= Data below =
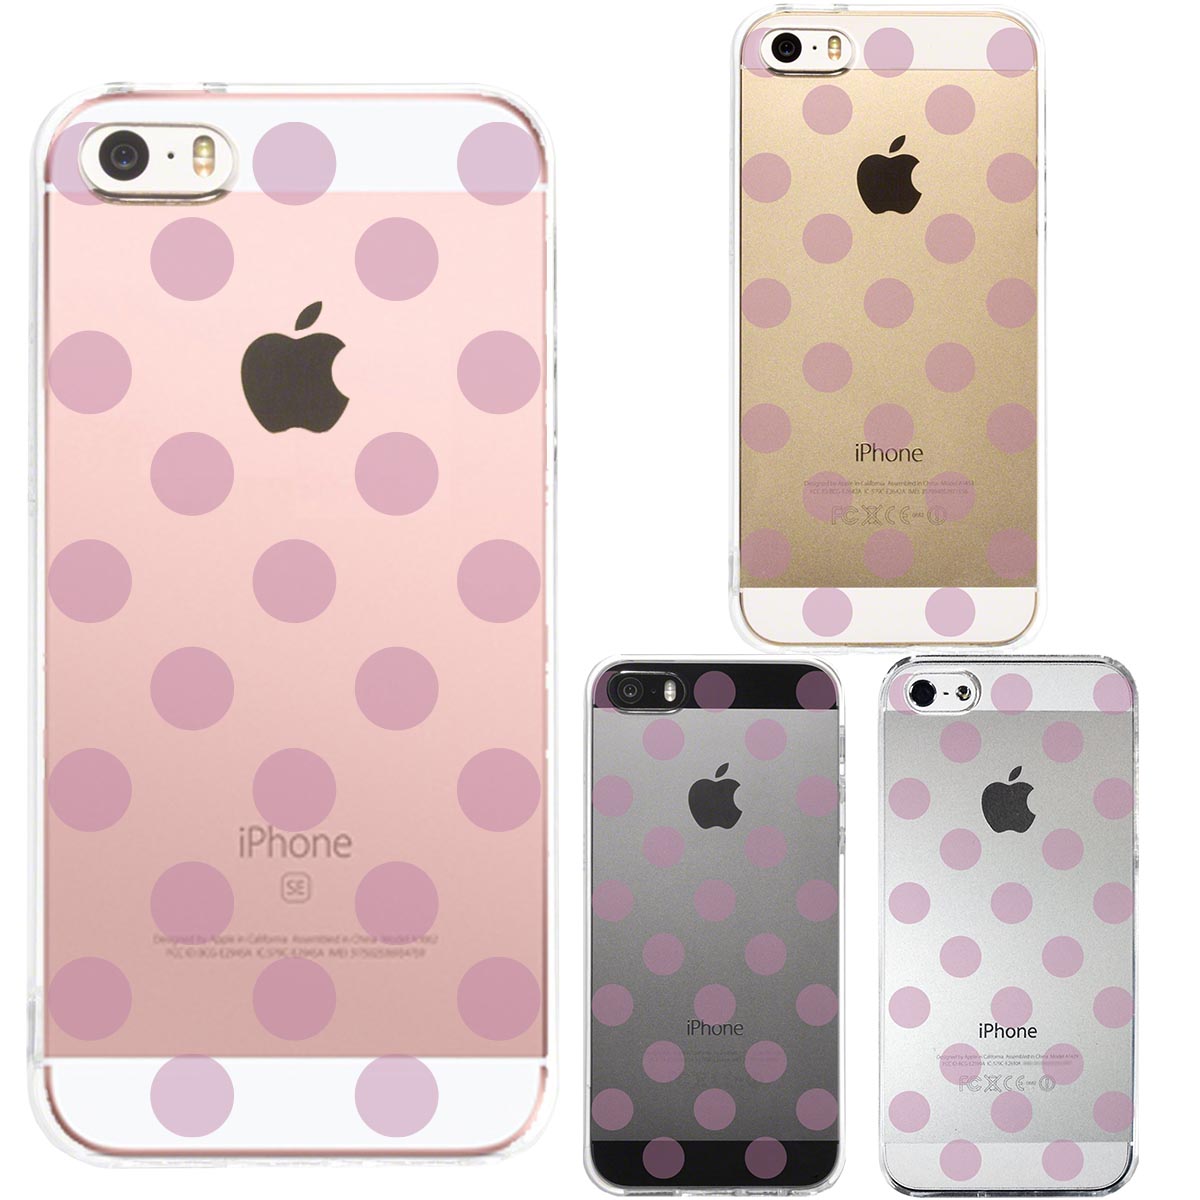 iPhone SE 5S/5 対応 アイフォン ハード クリア ケース カバー シェル ジャケット 水玉 パープルピンク
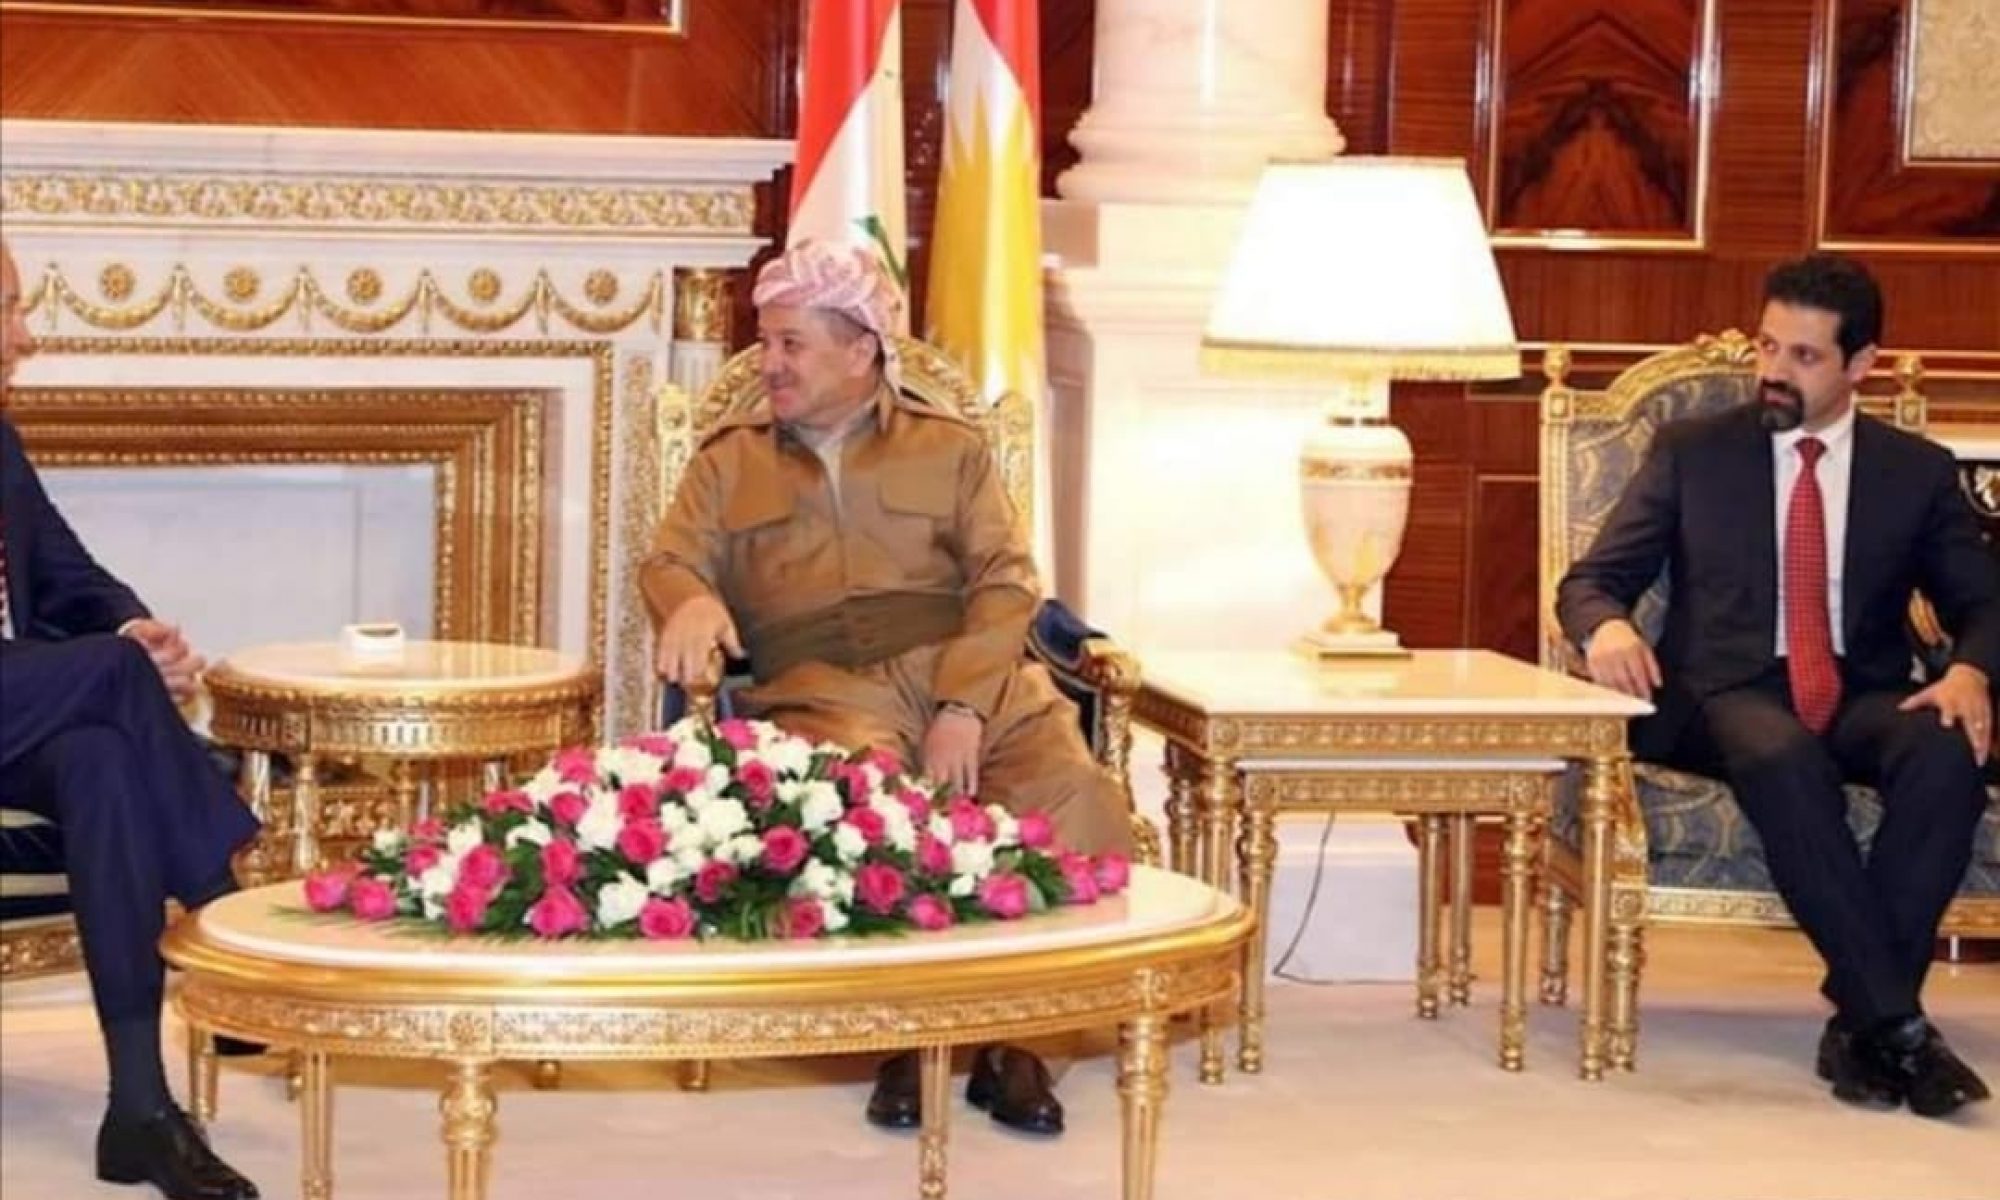 ABD Konsolosluğu, yeni Başkan Joe Biden'a ilişkin ilk haberinde Başkan Mesud Barzani ile olan fotoğrafı paylaştı
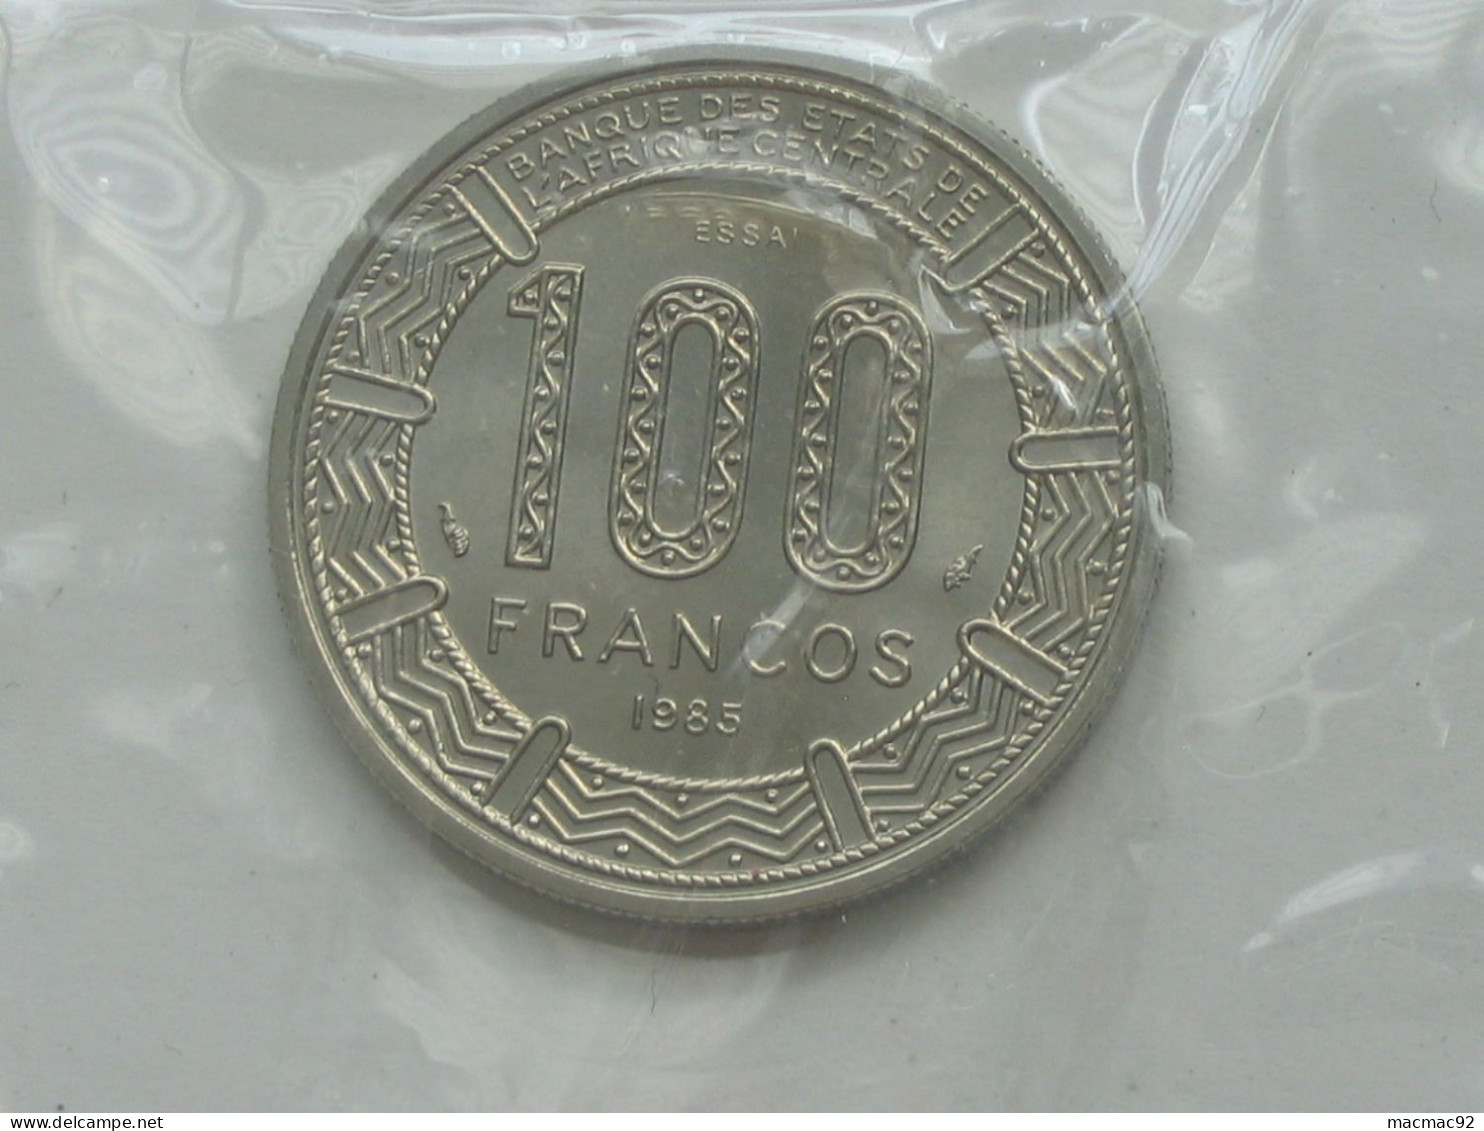 GUINEE EQUATORIALE - Rare ESSAI De 100 Francs 1985 - Banque Des états De L'Afrique Centrale  **** EN ACHAT IMMEDIAT **** - Aequatorial-Guinea
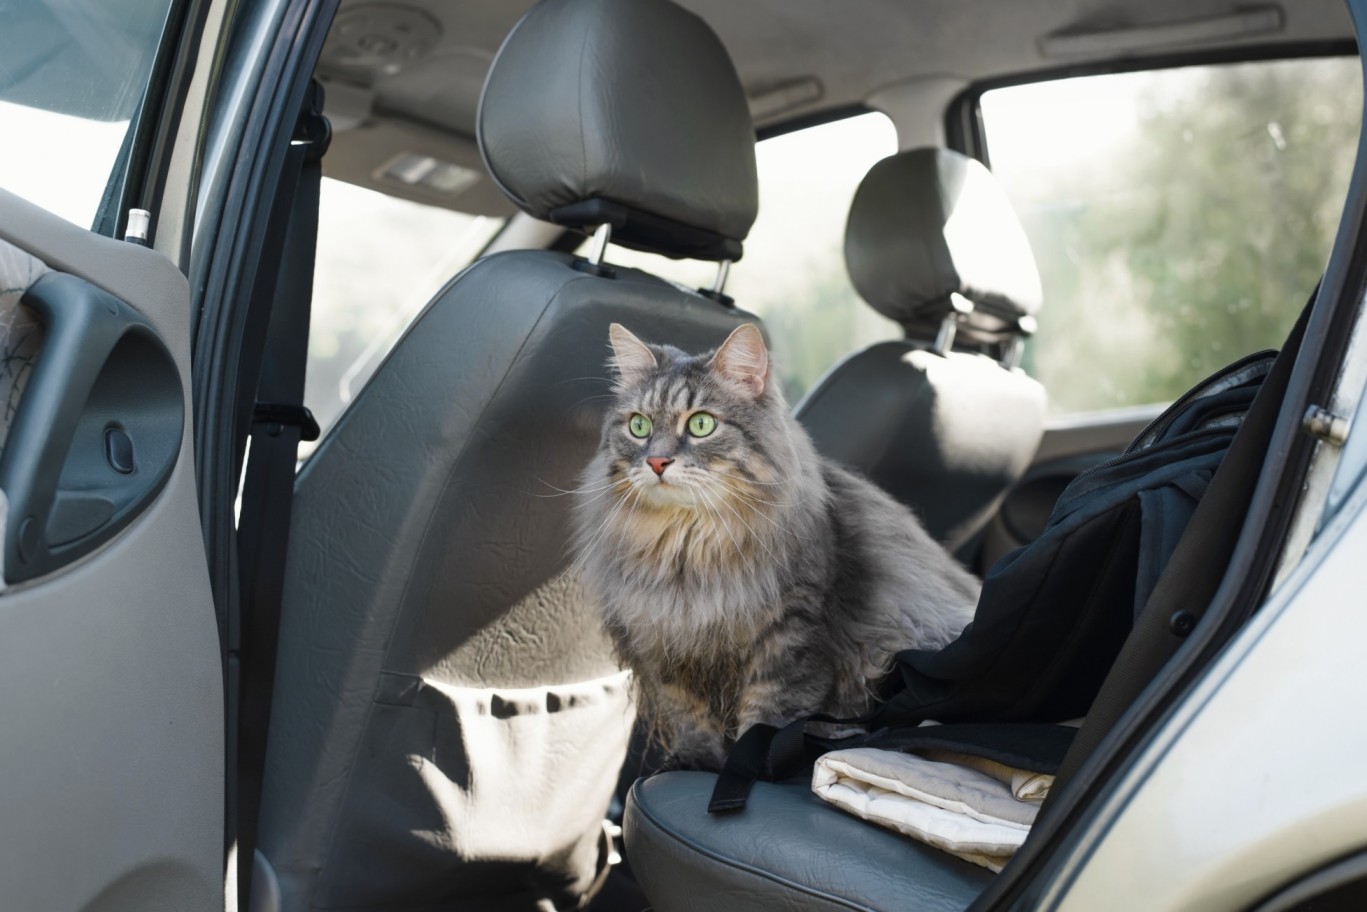 A cat sitting by an open car door

= Problem statement =
The expected answer is the listing above, duplicated exactly, with its pictures removed.

= Expected answer =
 iPhone SE 5S/5 対応 アイフォン ハード クリア ケース カバー シェル ジャケット 水玉 パープルピンク
 ABD Konsolosluğu, yeni Başkan Joe Biden'a ilişkin ilk haberinde Başkan Mesud Barzani ile olan fotoğrafı paylaştı
 GUINEE EQUATORIALE - Rare ESSAI De 100 Francs 1985 - Banque Des états De L'Afrique Centrale  **** EN ACHAT IMMEDIAT **** - Aequatorial-Guinea
 A cat sitting by an open car door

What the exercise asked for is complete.